3.5 Calculation pipeline of bonded forces

Fig. 9 illustrates the cooperation mode between CPU and FPGA in the calculation of bonded forces, with data transmission between software and hardware realized through PCIe.⁵⁴ Each small box in the diagram represents a circuit processing unit. The bonded forces include the bond, angle and dihedral terms in the classical FF models. In MD simulations with classical FFs, the topology, which defines how particles are connected with covalent bonds, remains fixed throughout the simulation. Particle and topology information is obtained from user input files, and the structure of the particle-information storage table can adapt to the specific topology inputs. This data is stored in a specific cache area of HBM2 using DMA technology. The FPGA data read/write submodule employs multiple channels in parallel, and is equipped with HBM2 registers, which can support multiple read and write operations simultaneously. This allows the system to efficiently read interaction data for two-body (bond), three-body (angle), and four-body (dihedral) bonded terms. The design significantly improves storage and access efficiency for large data blocks.

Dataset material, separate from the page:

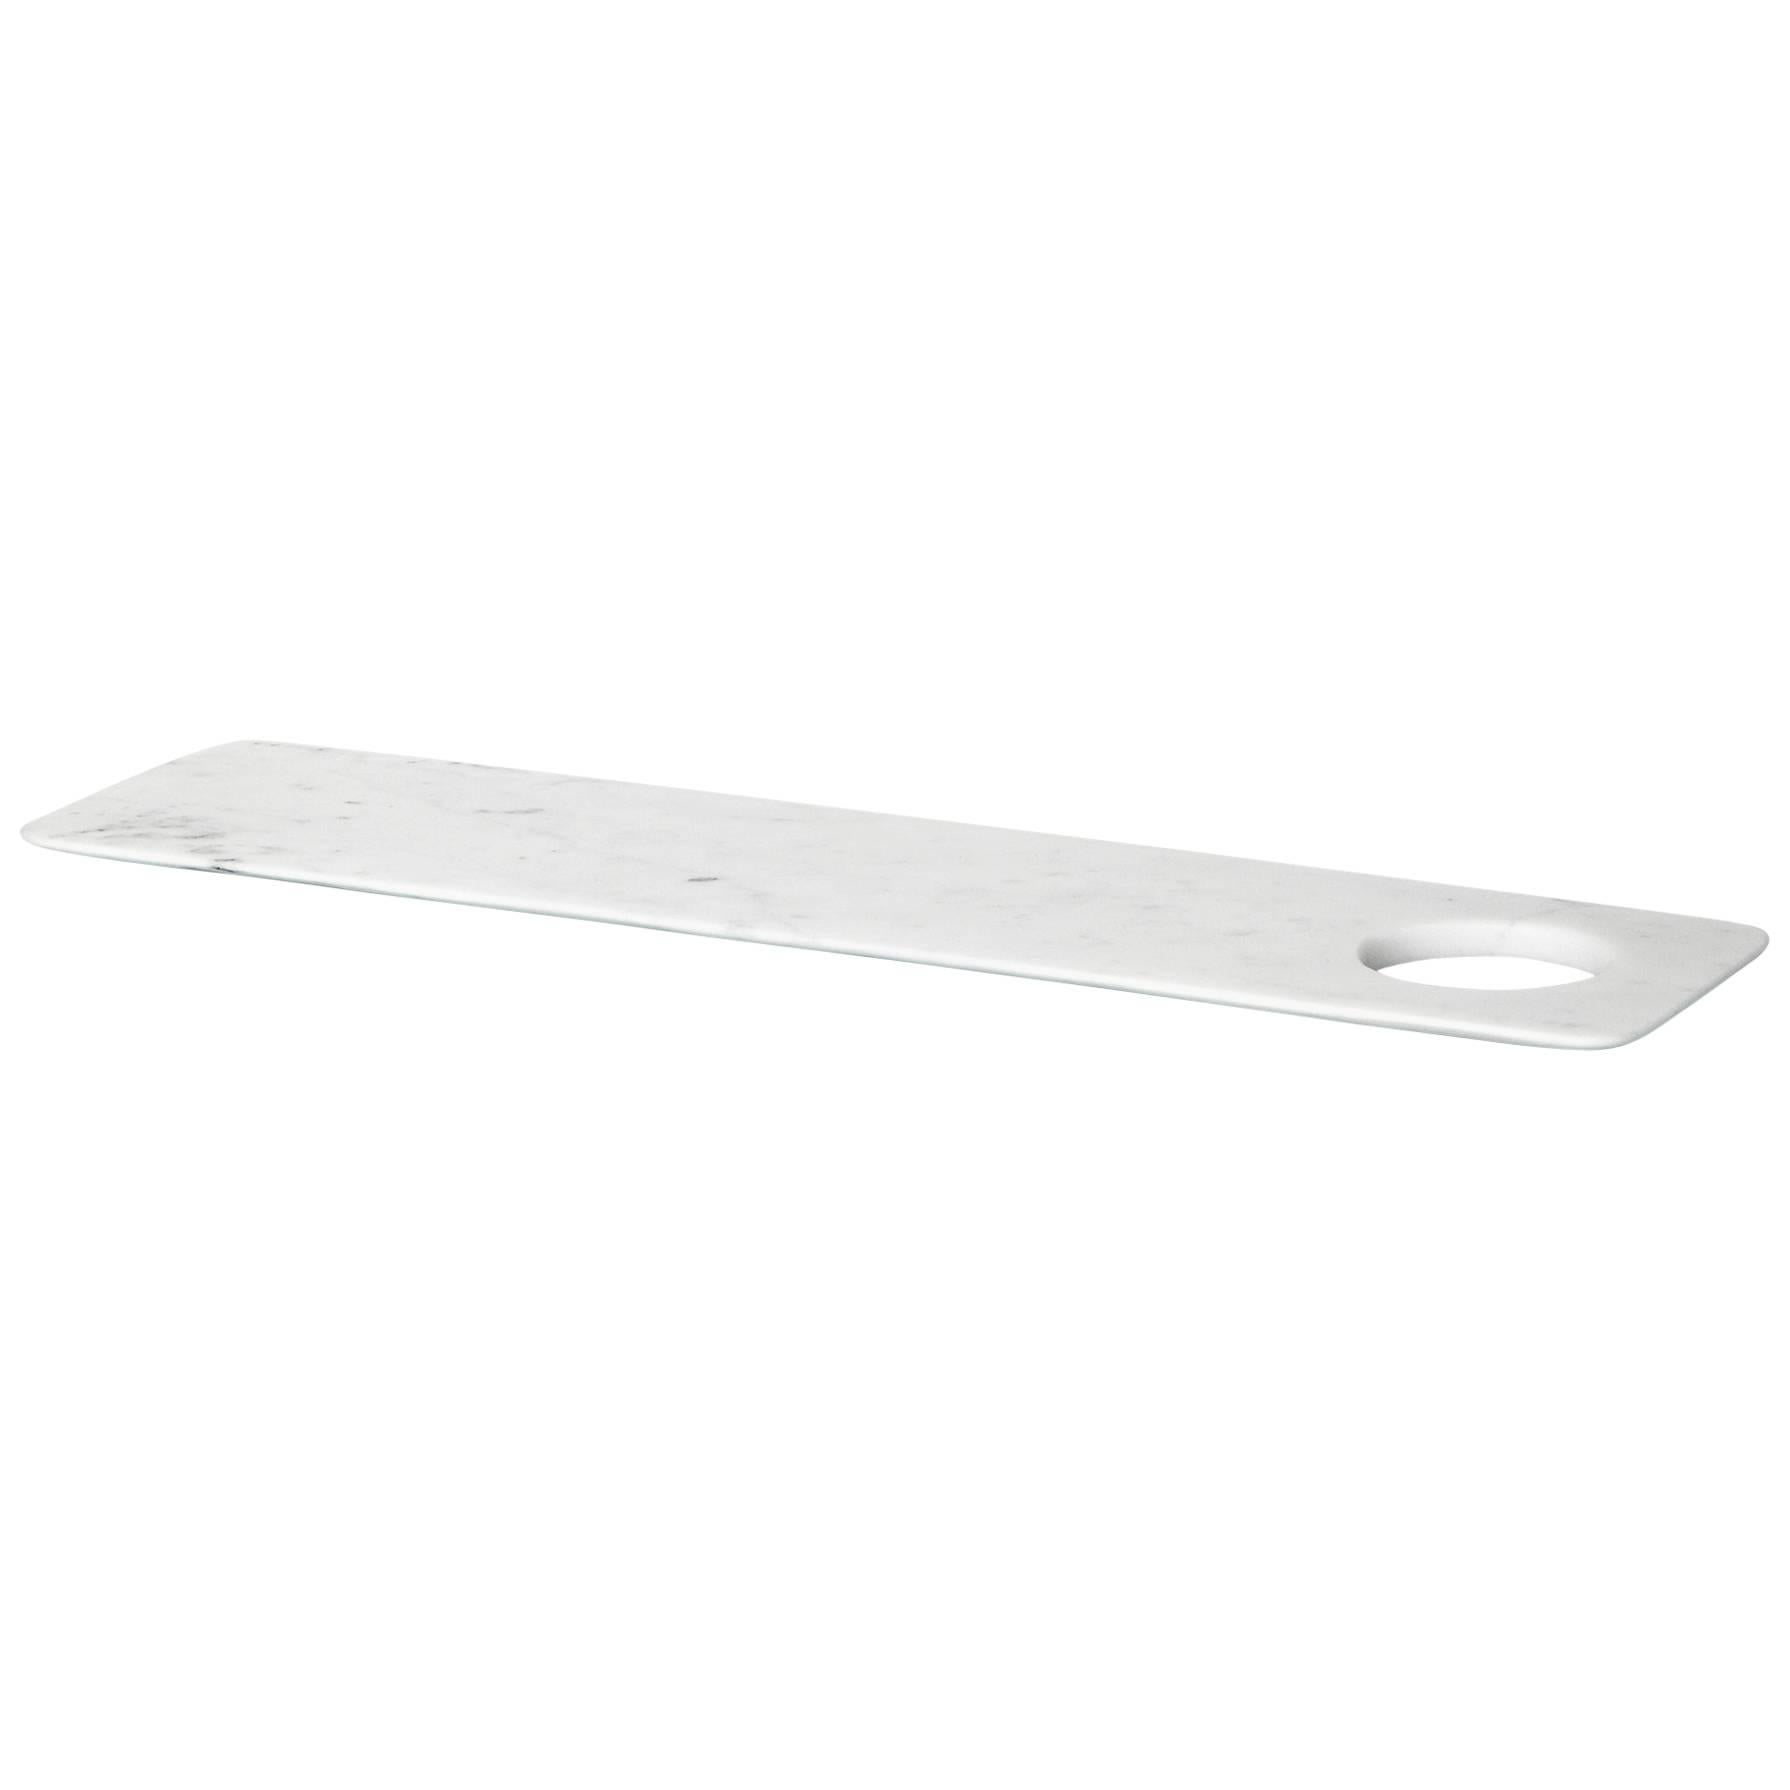 New Modern Tray/Chopping Board in White Carrara Marble, creator Studioformart
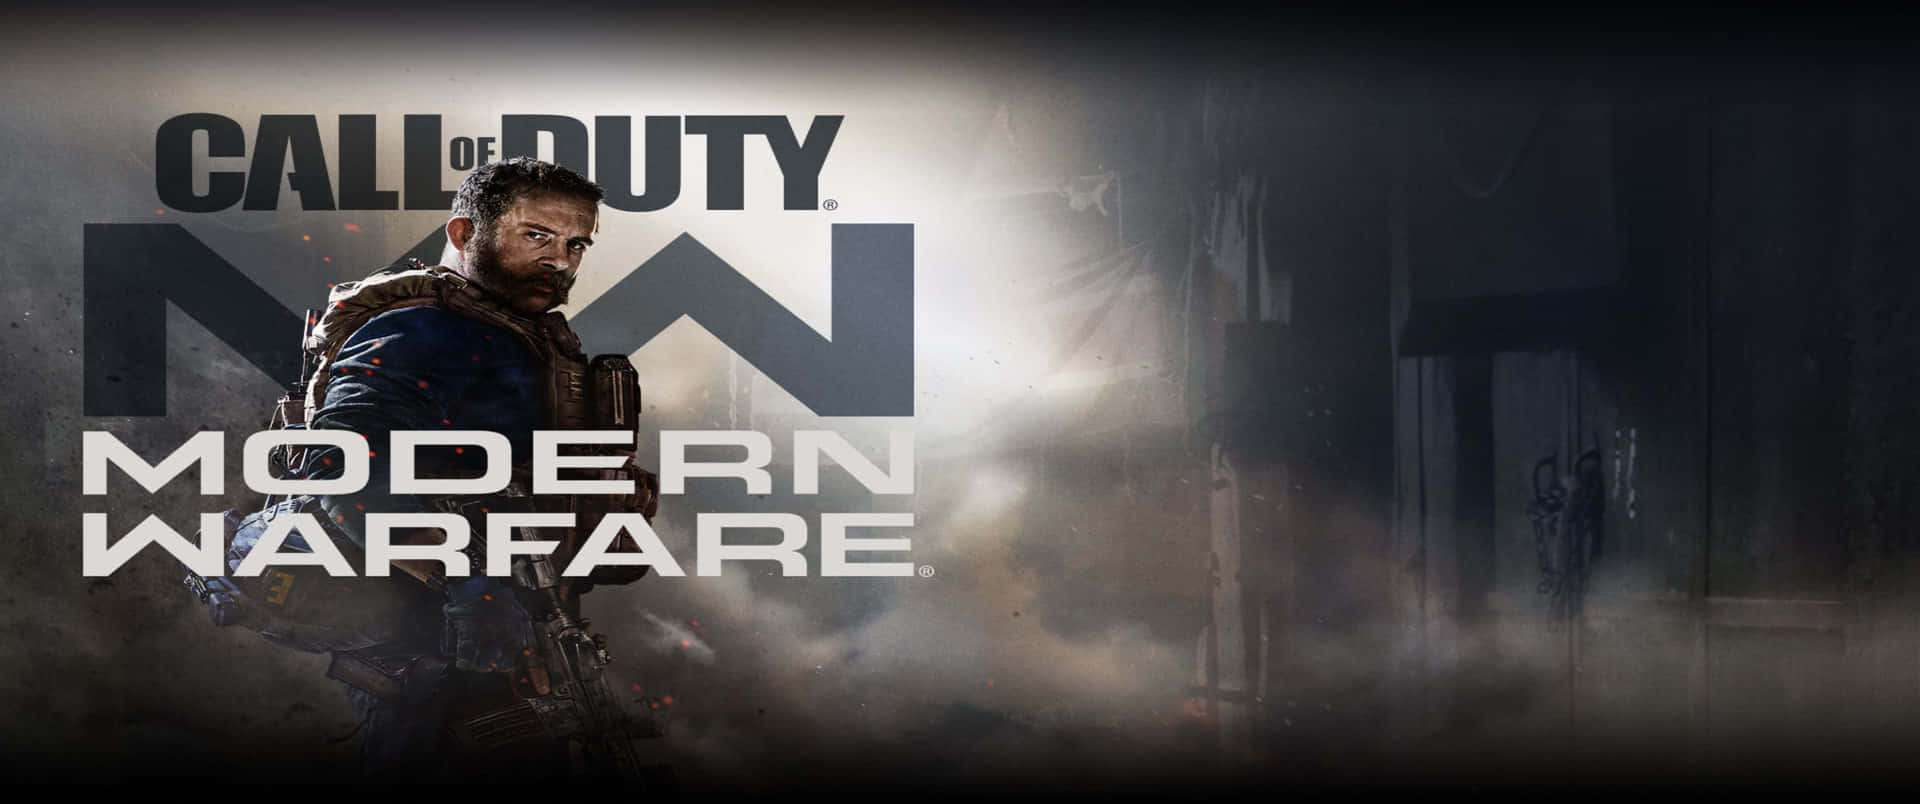 John Price Title 3440x1440p Call Of Duty Modern Warfare Background

Fig. 9 Covalent bond force computation architecture with reusable logic. The left panel shows two HBM memory banks for covalent-bond-number storage, each organized into three vertically stacked sections with color-coded blocks (white, orange, light blue, and yellow) representing different bond-parameter sets. The right panel illustrates the computational pipeline: (a) The top section contains three index arrays labeled “i j”, “i j k”, and “i j k t” for 2-body, 3-body and 4-body interactions. respectively. (b) The middle section features six parallel vector computation modules feeding into three normal-vector generators. (c) The lower section implements four summation units (yellow) that aggregate results for bond, angle and dihedral terms. (d) The bottom green module handles final read/write operations.

The computation flow-control circuit manages the bonded-force calculations. Two-body force calculations are relatively straightforward and thus execute more quickly. Three-body force calculations are moderately more complex and slower, while four-body force calculations are the most computationally intensive, both in processing time and complexity, making them the primary bottleneck in the bonded-force pipeline. The covalent-bond calculation buffer is designed with these differences in mind: it incorporates specialized circuits to receive data from channels with varying access frequencies, ensuring efficient handling across all bonded-interaction types.

3.6 Performance and resource utilization of computing modules

3.6.1 Performance of the particle-pair computation module designed via HLS. This study explores FPGA-based acceleration for MD simulations, focusing on non-bonded-force calculations through heterogeneous computing. In the hardware implementation of the range-limited module, a hybrid design strategy is employed to balance low-latency requirements with resource efficiency. Multi-order interpolation units (1st, 2nd, and 3rd order) are implemented in Vivado HLS, exhibiting near-linear scaling in both resource usage (10/16/22 DSP48) and latency (22/34/45 cycles at 300 MHz). In addition to DSP slices, the two other major FPGA resources—Look-Up Tables (LUTs) and Flip-Flops (FFs)—are also tracked, with their utilization summarized in Table 2. The HLS results deviate by less than 15% from manually optimized Verilog RTL, supporting the use of HLS for algorithmic components. Rather than instantiating HLS IP cores directly, we further optimize the generated Verilog to enable finer resource control, including DSP48 reuse and pipeline-depth tuning.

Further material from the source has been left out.